TASK TO CARRY OUT »
Every line of the listing below should be written out exactly, minus its pictures.

RECORDED DATA »

——

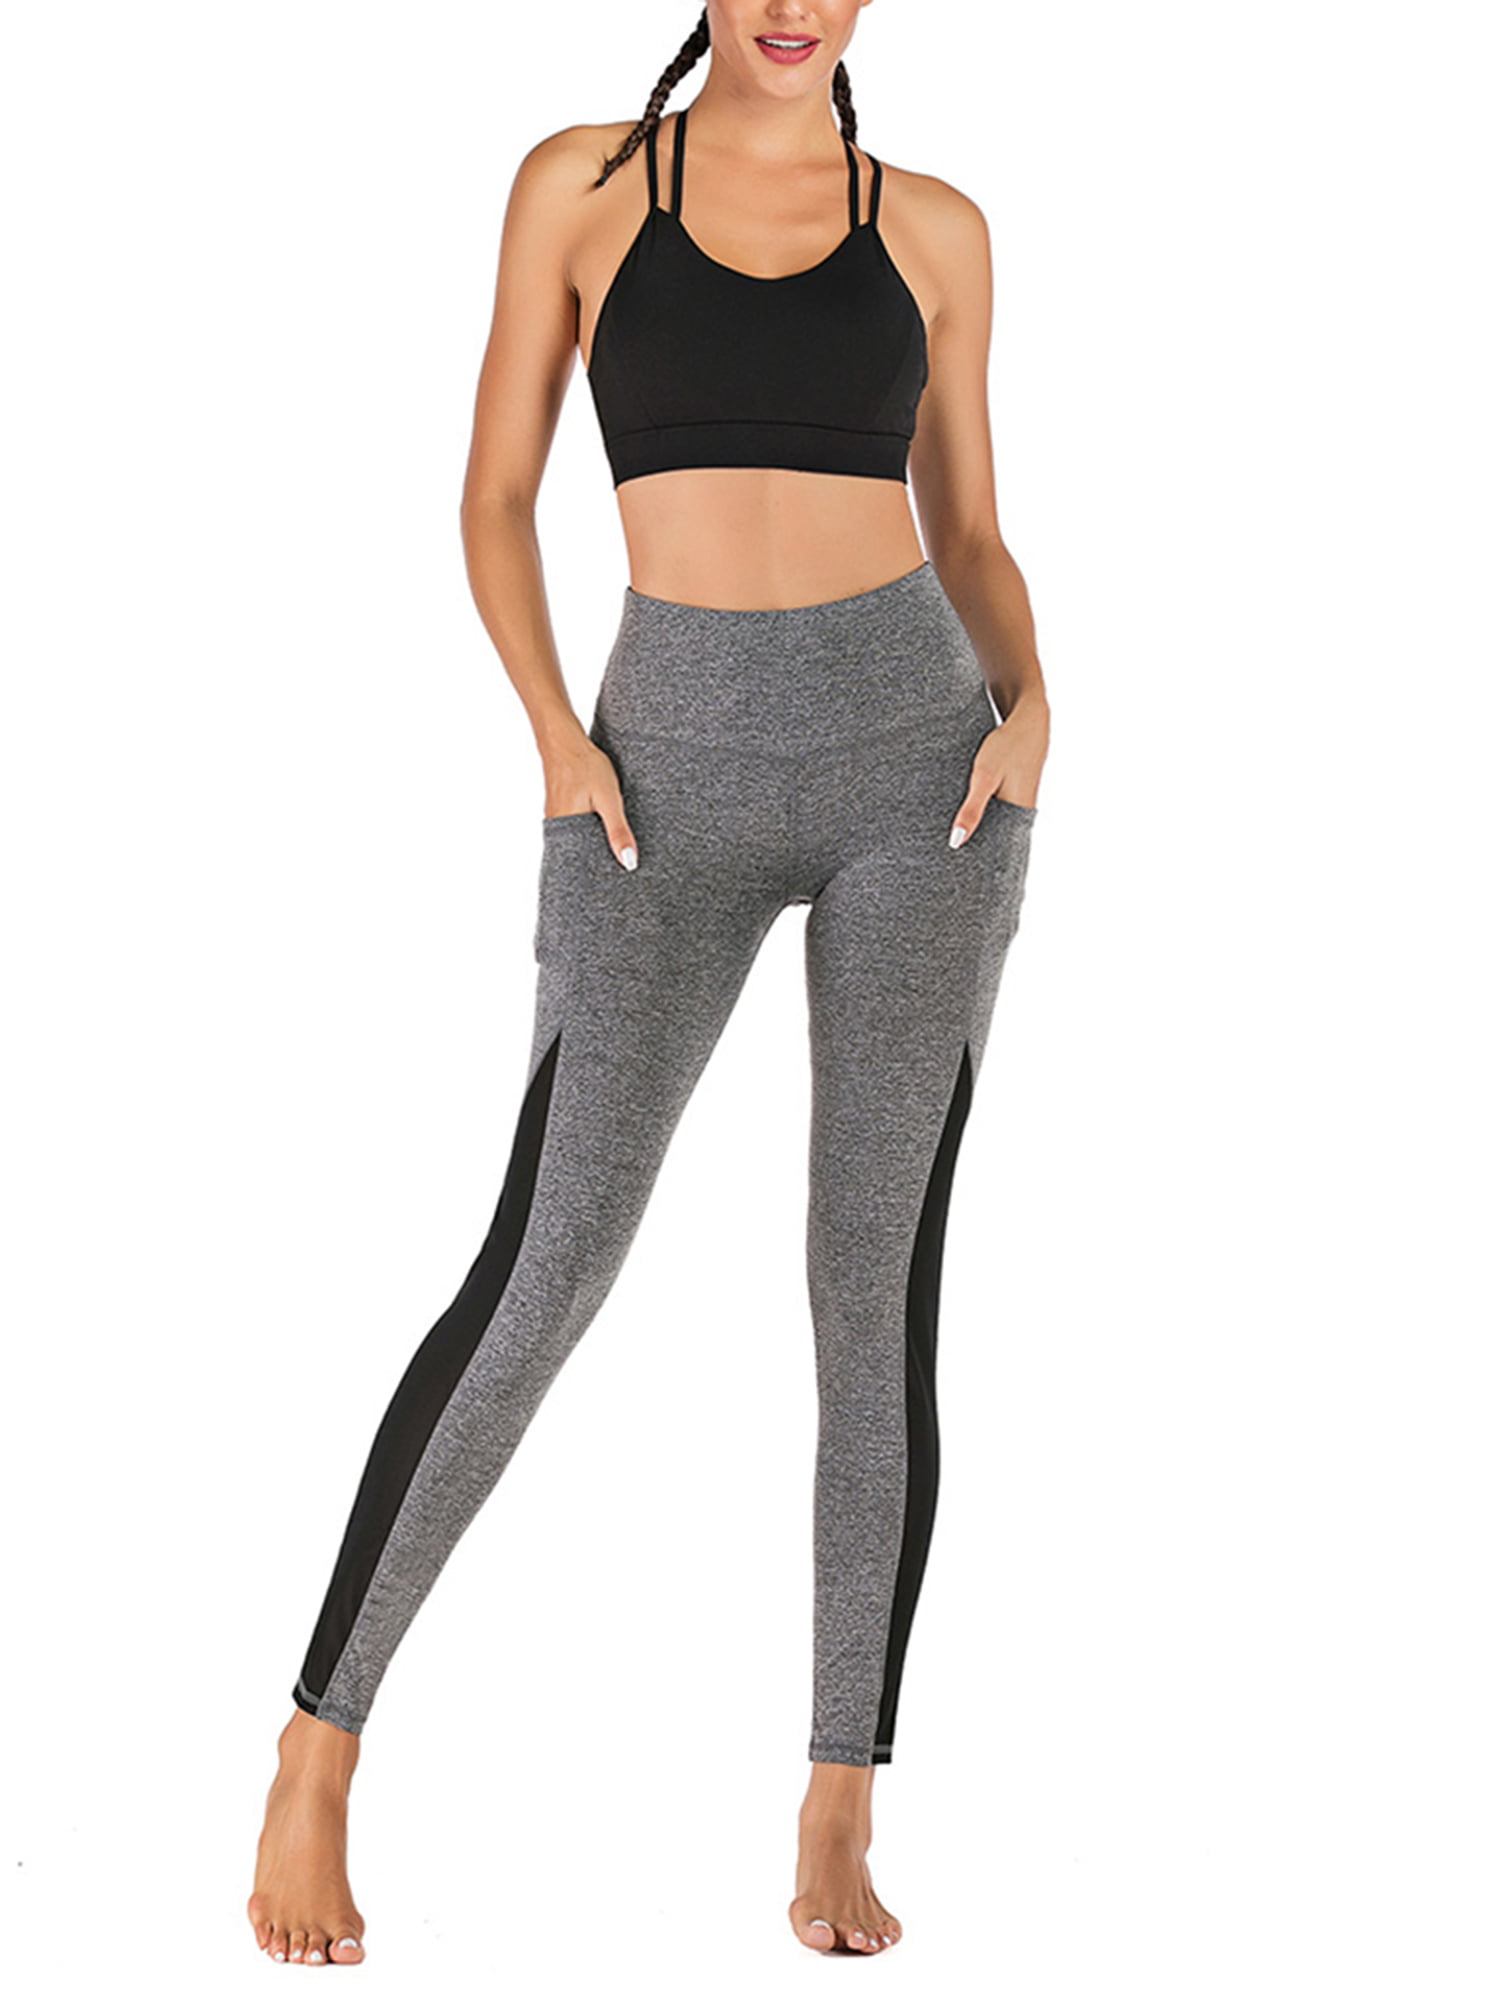 Women Capri Cropped Leggings Yoga Pants for Gym Fitness Workout Wear S M L XL
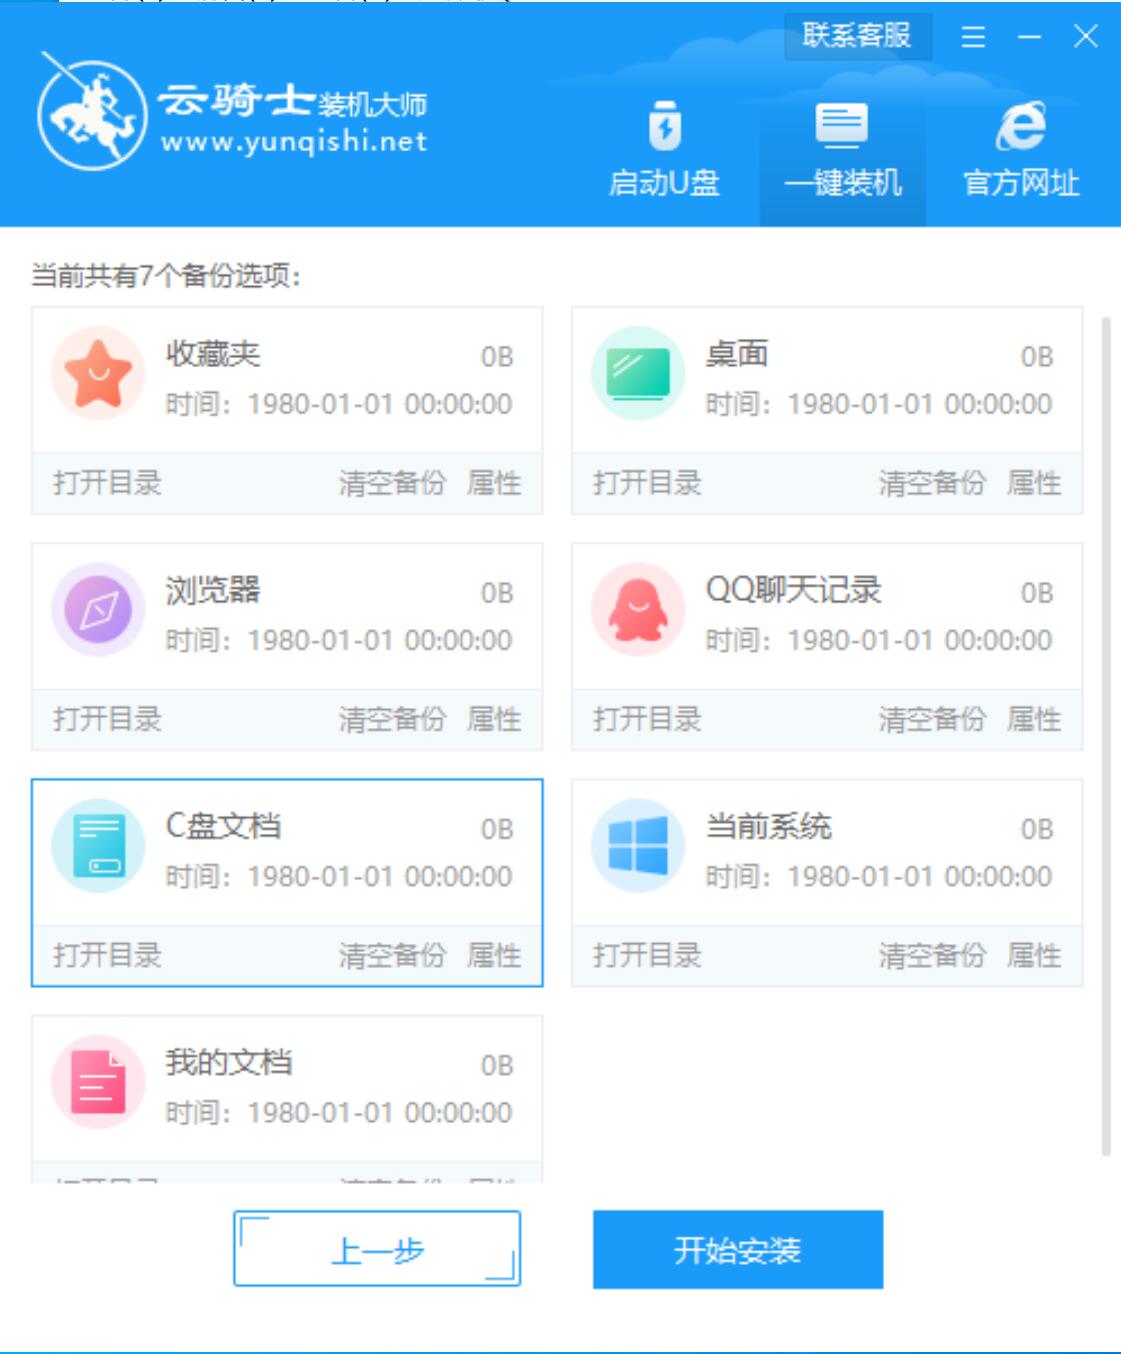 神州笔记本专用系统  WIN7 64位  纯净中文旗舰版系统下载 V2021.07(7)
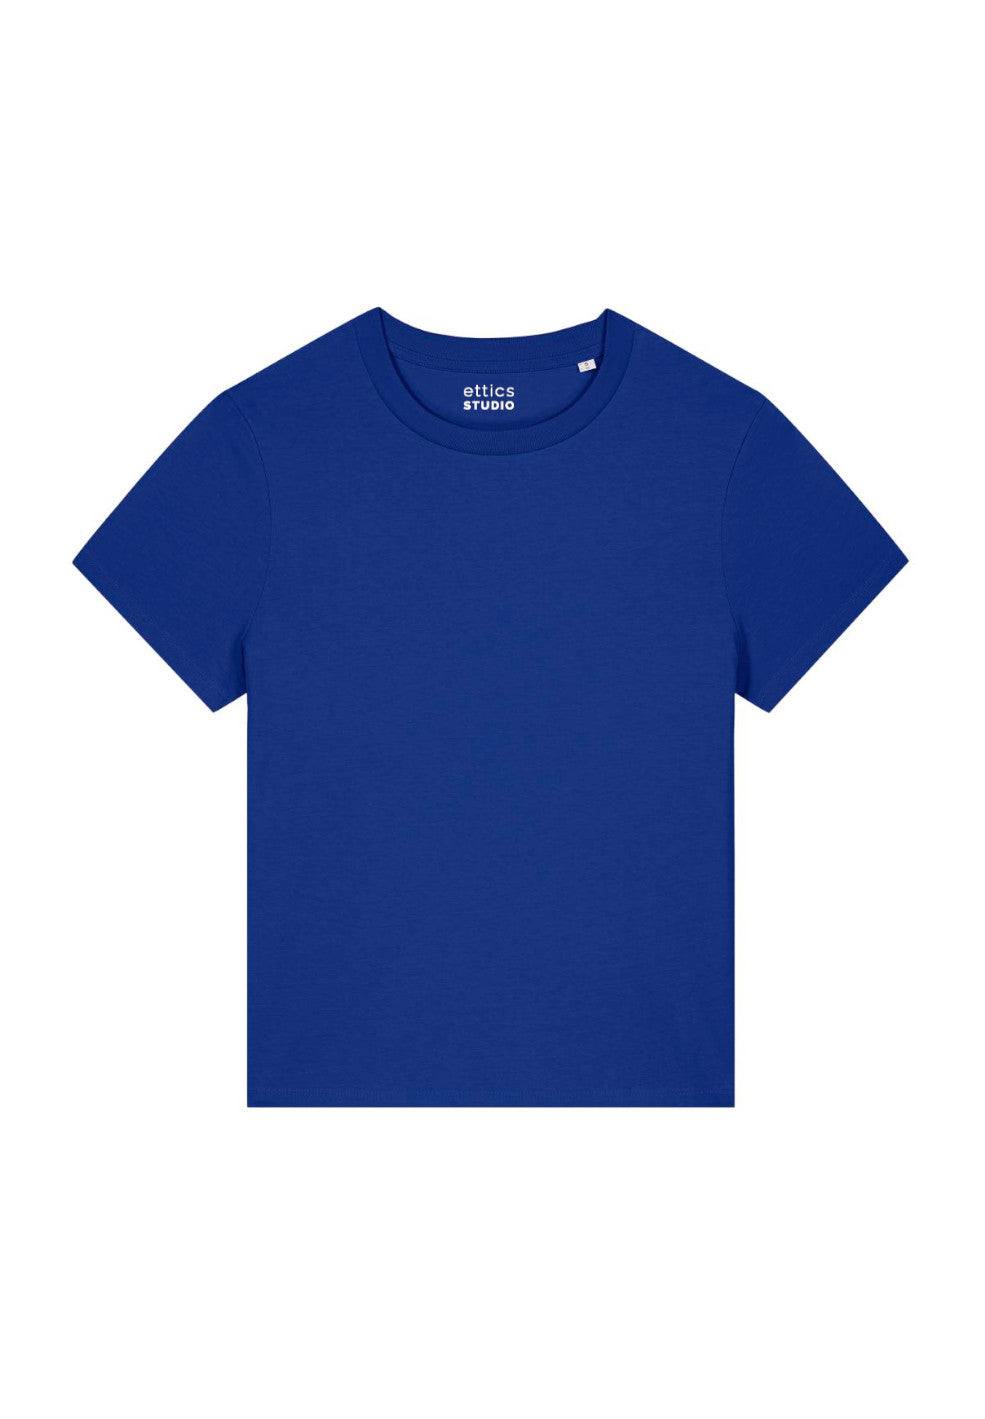 t-shirt muser worker blue
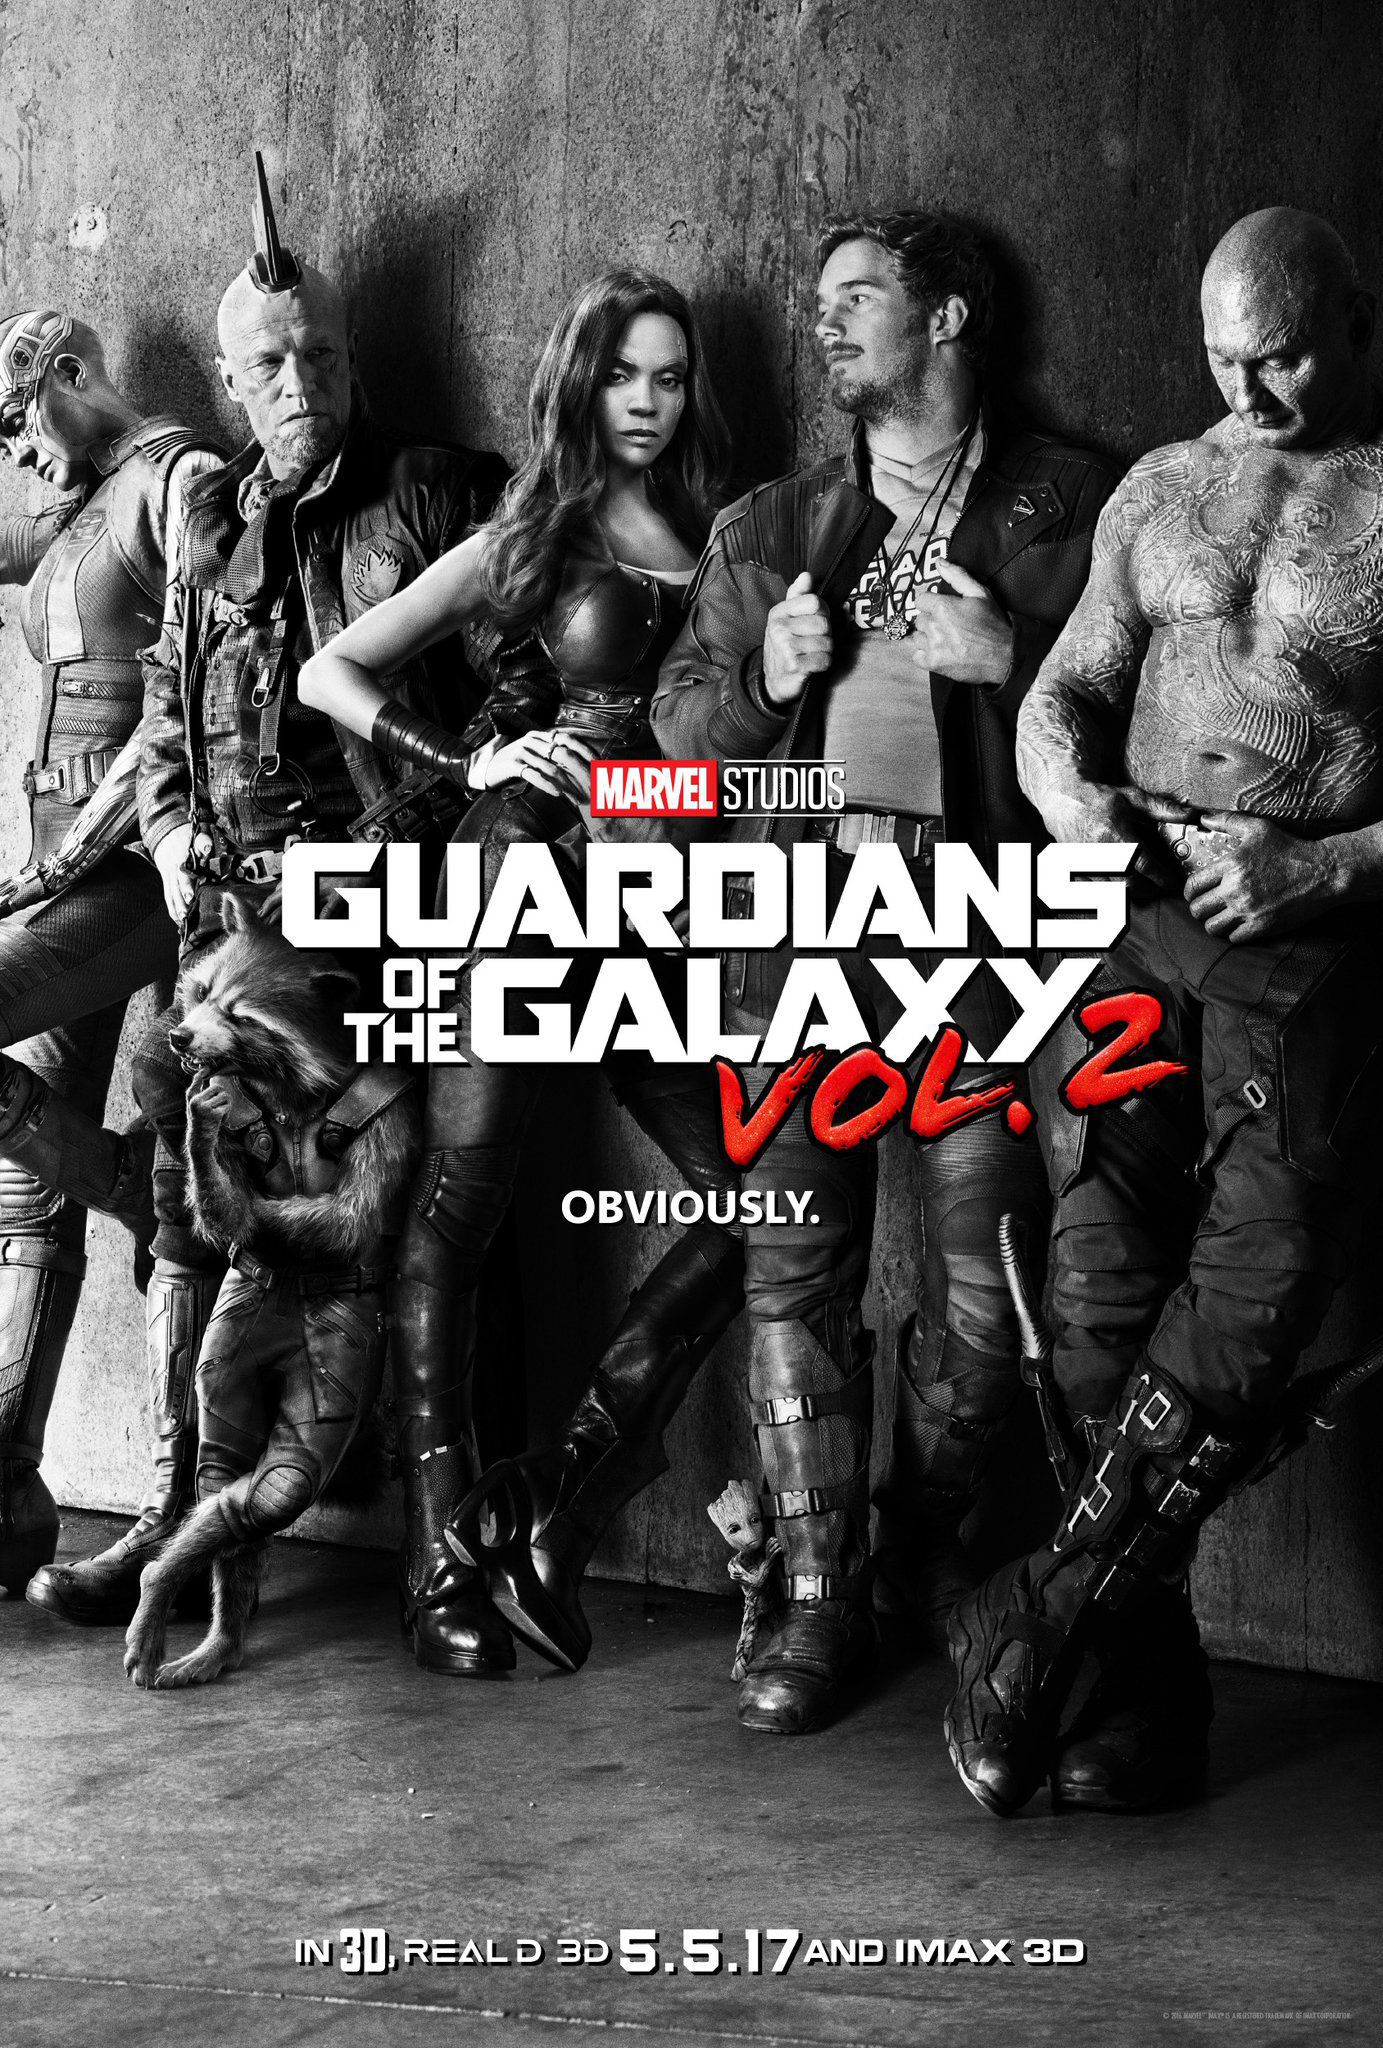 Guardianes de la Galaxia volumen 2, trailer y poster oficiales

——

YOUR RESPONSE »
 Women Capri Cropped Leggings Yoga Pants for Gym Fitness Workout Wear S M L XL
 神州笔记本专用系统  WIN7 64位  纯净中文旗舰版系统下载 V2021.07(7)
 t-shirt muser worker blue
 Guardianes de la Galaxia volumen 2, trailer y poster oficiales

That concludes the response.